Sonia Delaunay : les couleurs de l'abstraction
Sonia Delaunay, originaire d'Ukraine où elle n'est plus retournée après 1909, est arrivée en France après un passage en Allemagne où elle rencontra Kandinsky, au début du XXe siècle et a construit à Paris une œuvre multiforme et très dense.
Sa vie mouvementée lui fit côtoyer les artistes majeurs de son époque, les mouvements nouveaux, comme les fauves qui traitaient les couleurs primaires en larges aplats cernés de noir, avec des contrastes puissants et supprimaient la perspective géométrique, puis les cubistes qui privilégiaient la forme sur la couleur.
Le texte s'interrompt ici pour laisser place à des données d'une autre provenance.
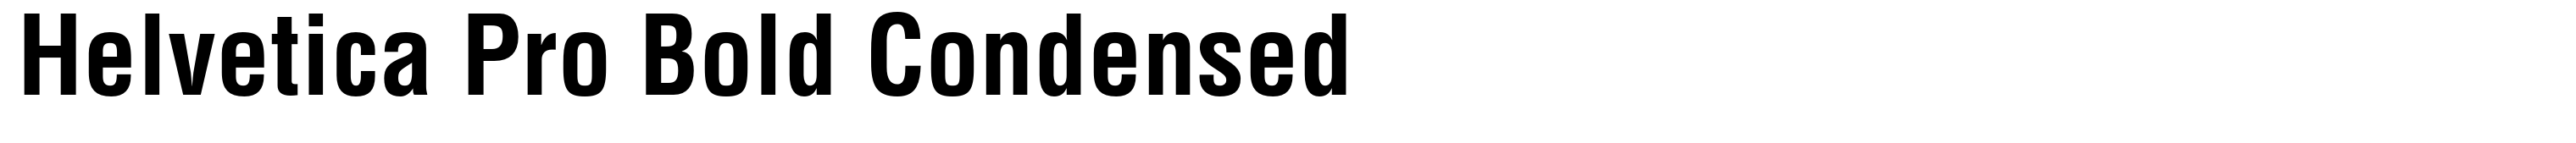 Helvetica Pro Bold Condensed

À son retour du Portugal et d'Espagne où elle passa la Première guerre mondiale, elle confectionna une couverture pour le lit de son fils avec des bouts de tissus, autrement dit un patchwork de pièces géométriques animées d'un jeu de courbes et de rectangles. Cette couverture est aussi sa première œuvre textile. Sur cette couverture, on retrouve les thèmes majeurs de son travail à venir avec la couleur brute traitée en larges aplats, des formes simples, géométriques mises en mouvement par un jeu de courbes et de rythmes.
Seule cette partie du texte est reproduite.